Healthcare Reform Won’t Happen in California

Senator Bernie Sanders could not pursue a top-down, government radical overhaul of our country’s medical system.

So, like-minded California legislators tried a state rendition that would have eliminated private medical insurance, compelled Medicare respondents into a new experimental setup, and placed the government in control of Californians’ healthcare. 

Luckily for California healthcare users, the proposition, dubbed CalCare, failed to garner enough votes, reversing the momentum for single-payer advocates. 


This should serve as a wake-up call for Californians who value their freedom and healthcare choices.

CalCare would have led to a significant increase in the cost of living for Californians, expanded government deficits and crucial healthcare waiting lists, and aggravated doctor shortages. 

California’s current financial year 2022 proposed budget is $286 billion. A 2017 single-payer proposition comparable to CalCare was estimated to cost $400 billion, more than the state’s total funding.

To stump up for CalCare, proponents proposed the state’s largest tax hike in history, roughly doubling taxes and extracting an additional $12,250 from each state residence, per the Tax Foundation.

This tax increase proposal included a new graduated payroll tax system with the top rate applicable to employees earning less than $49,990, a gross revenue tax on business owners, and extra surtaxes on income exceeding $149,509.

While it would’ve been a significant tax uptick on the middle class, it was estimated to generate an extra $163 billion per year, far short of the funds required for the new program.

What would Californians receive in exchange for these extortionate taxes? Certainly not improved healthcare.

Further Implications

Assembly Republican Leader Marie Waldron expressed excitement about the CalCare debate and the magnitude to which taxes will be increased on the middle class.

She talked about how people will be booted off their current healthcare programs and what Democrats will say to the elderly whose Medicare finances will be ransacked.

She also mentioned how long processing times will be, the degree to which bureaucrats will ration care, and the number of hospitals that will close.

An uphill increase in the cost of living, due to rising taxes, combined with the pay cuts that health professionals could incur under a single-payer system, would have exacerbated California’s doctor shortage. 

Even the New York Times admitted doctors would almost certainly face pay cuts under a government-run system, stating experts across the board concur single-payer would reduce revenue for physicians.

Similar to how other business owners leave California for more business-friendly jurisdictions, tax increases and revenue cuts would have forced California doctors to relocate.

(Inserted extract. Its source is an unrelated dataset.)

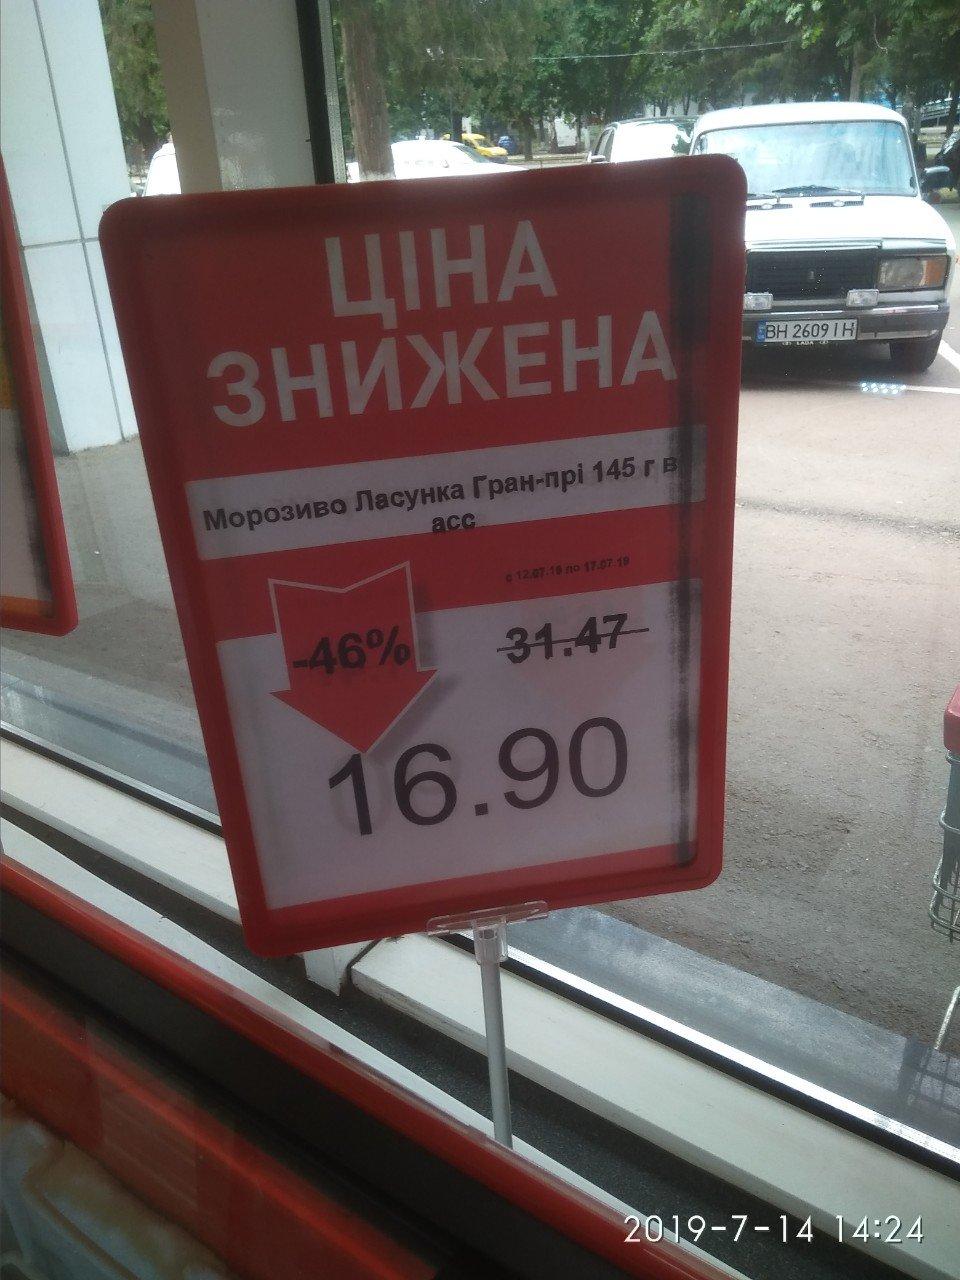 Таврия В - Цены не совпадають какой-то обман

Rather than limiting individuals’ choices under a unified system, states should expand their options. 

Whether it’s expanding telehealth, allowing physicians and nurses to practice across state lines, or repealing unnecessary restrictions, such as certificate-of-need laws preventing hospitals from broadening to meet patient demand, people require more options, not fewer. 

Rather than a one-size-fits-all public option, we require a robust personal option that gives individuals greater control over their healthcare. 

The adage “as California goes, the nation goes” refers to California’s status as a social and political innovator. If California proceeds with a government-run health service, residents of other states would be wise not to follow suit.